I wasn't much better myself growing up. I was hard on my teachers, what we call now "high maintenance." If you allowed me, I acted like a class clown. When I didn't get me attention needs met, I acted out in sarcastic, rude ways. I wasn't terribly nice to other kids, unless you were popular. I'm sure my teachers made judgments then about my parents, but they didn't know what happened between closed doors. There was plenty of love. My mom sent her best to school each day, a kid with not just a notion of college, but with a reality that college was my future. A kid who knew how to behave around adults (shaking the hands of bank presidents and meeting countless friends of friends had its advantages) but didn't quite have a shut-off button. The kid whose mom continued to encourage even when he thought he'd never have a girlfriends, or that his sports writing career was over because I had moved high schools. A mom who didn't sugarcoat life by making excuses for my behavior. A mom who taught me it was okay to cry, more important to listen, and that family would always have my back. Although the blogs I have written have sometimes put some undue spotlight on my mom, I would have not been able to pull myself out of the deep self-hate I had before I met my future wife.

We've had some ups and downs behind the door of house Cordova. A hyper active boy who just recently threw his X-box controller at the wall in the basement causing a hole in the wall (thank you, Madden 15), but who just made the B honor roll in 5ht grade (all A's except for Language Arts). There's Milly who cries each morning because her top doesn't match her pants or because she thinks she's dressing for a ball gown every morning (I think she could be in a dress and stockings for 24 hours). This past week at her soccer game, I yelled from the sideline to her to stop kicking the ball up the middle (she's a goalie). She looked at me from across the field, that stunned look on her face, holding the ball in the air.

Where do I kick it then?

Not in the middle!

The sideline parents had a laugh on that one. The tone of the way I said it cannot be explained in the sentence in type, but it was one of those daddy/daughter moments that will probably become the nexus of some future sad bastard poem of my daughter's. I remember having similar moments with Lisa back when she was playing softball, when I envisioned my expectation onto her ability as a player. This is your chance to succeed, I'd always think, as if I could shake winning out of her like a bully shakes out coins from a kid hanging upside down. While Lisa and I had several car travel moments where we hashed out life, I had many times where I couldn't hold my tongue, and the criticism of my expectation reared its ugly head.
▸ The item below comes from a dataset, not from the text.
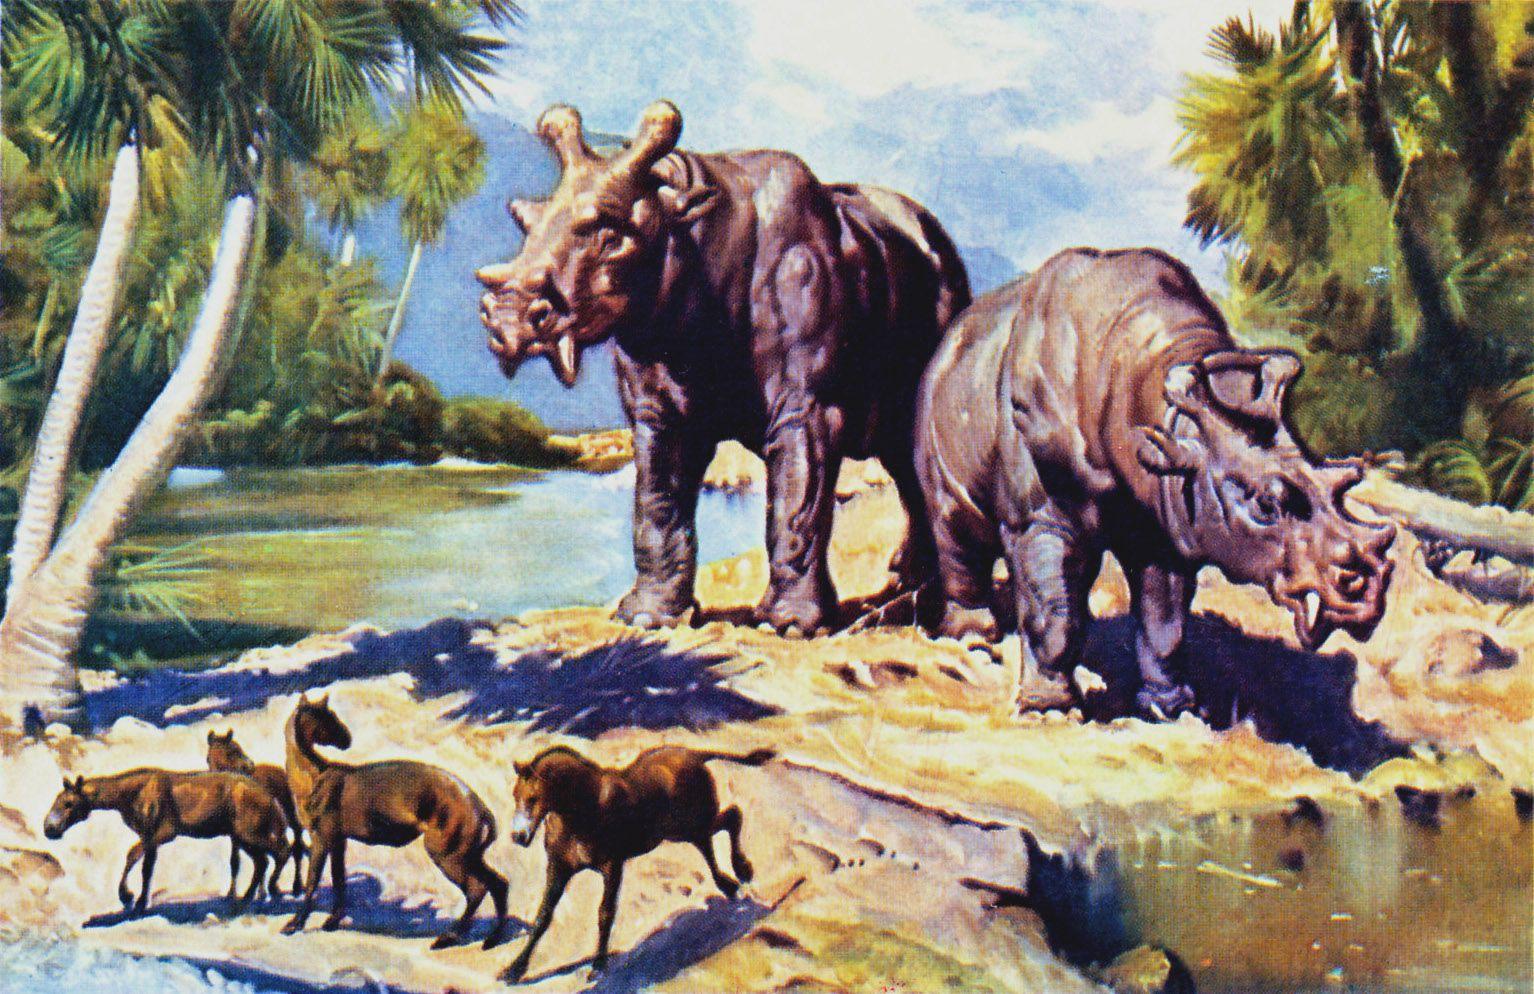 giant animals north america - HD1534×994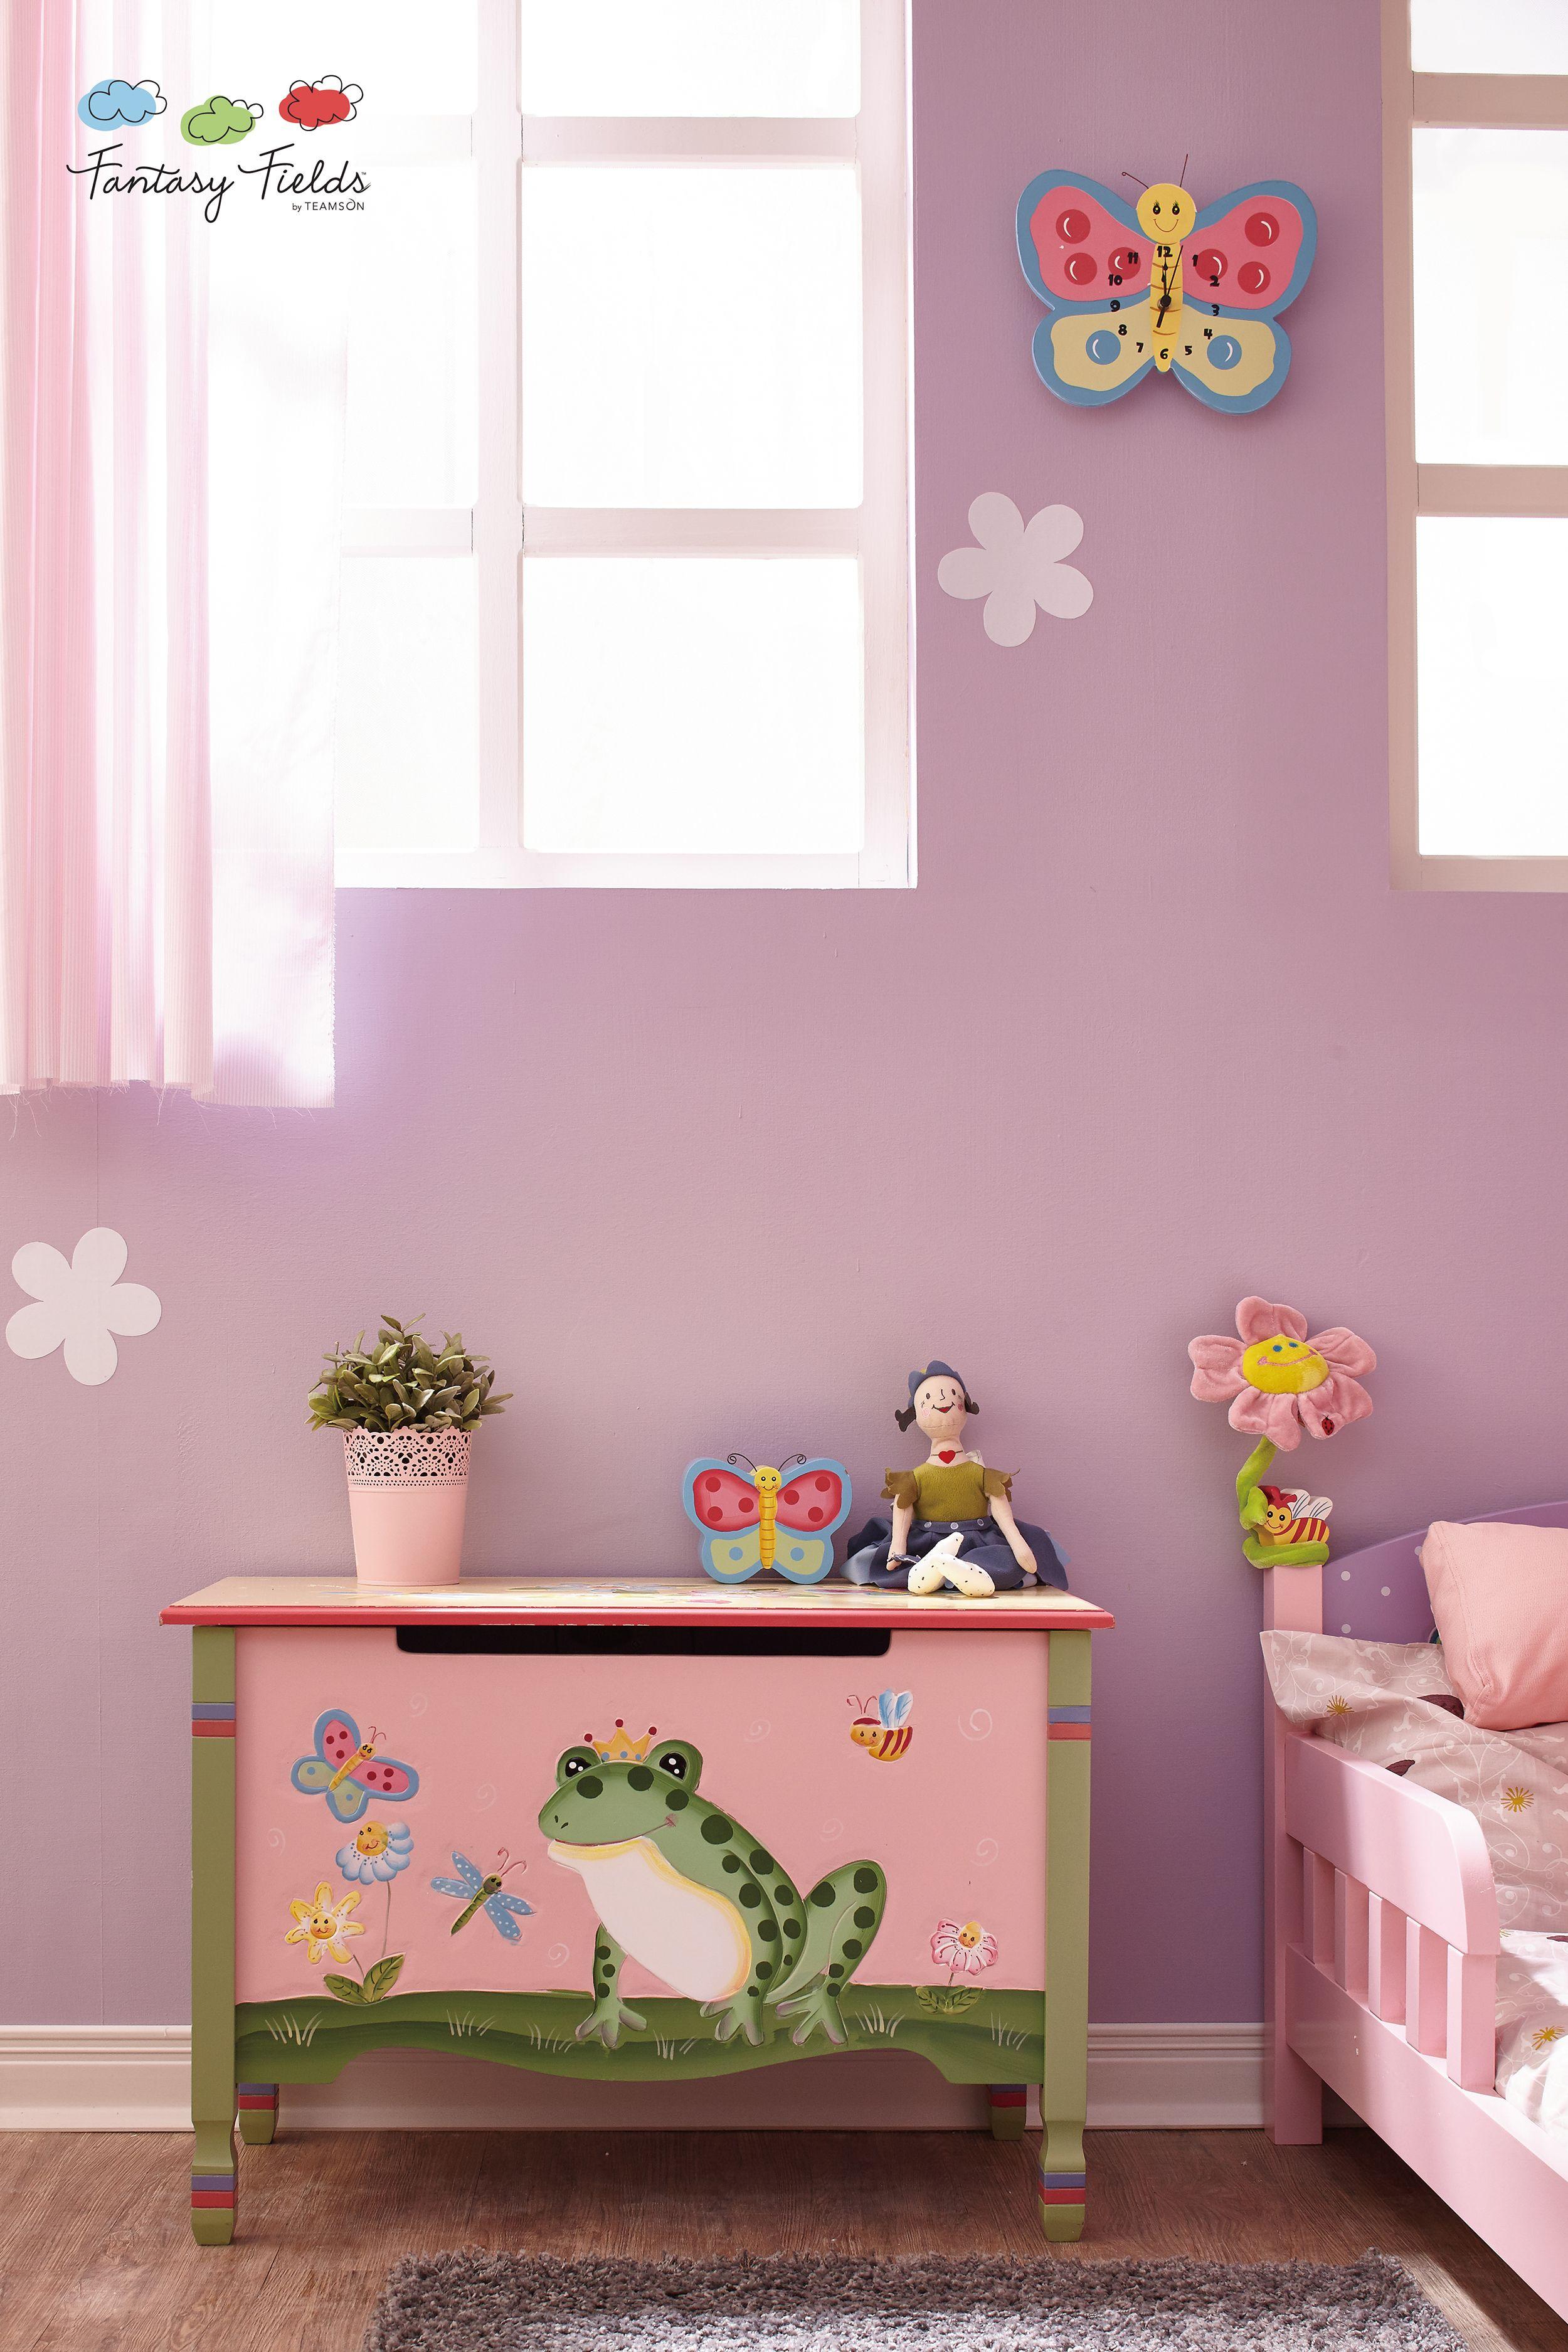 Fantasy Fields Magic Garden Toy Box With Rocking Chair Kid Room Decor Kids Room Kids Room

And while I was folding towels in my bedroom, standing in front of my daughter, it became apparent that my parenting skills that were preached on Sunday needed a lesson in application. One of the talking points about the sermon was to allow space in our hearts big enough to listen to what your children have to say. So God spoke to me through her tears.

Daddy you don't help me with my homework.
I don't get to snuggle with you but Cruz always gets to.
You're just being mean.

And while the details of her pleas become lost in the small details of our lives, the one thing that is clear, it's much more than a dollar. She wants my time, my love. She wants her daddy. Before share group I sat on the couch with her and snuggled like it was the first time home from the hospital. Just a baby with arms too small to hug me back, but just little enough to wield a tiny hand and grasp my finger.

The idea of parenting is so much cleaner and easier than the reality. The nights when they are sick and you're cleaning up vomit from your sheets. The twinge of frustration when I get  call from one of their schools. The times when you can't answer your college-age daughter's text without going into a mini-sermon. Times when your son has a tantrum in front of your friends.

Oh, but to experience the love from each breath they breathe. Earlier today my little one was dancing in the kitchen to a "Royal." She's oblivious to my watchful eyes, the smirk I'm giving as she shakes and twirls and pop-star preens in front of an invisible audience. She's my queen bee, that's for sure.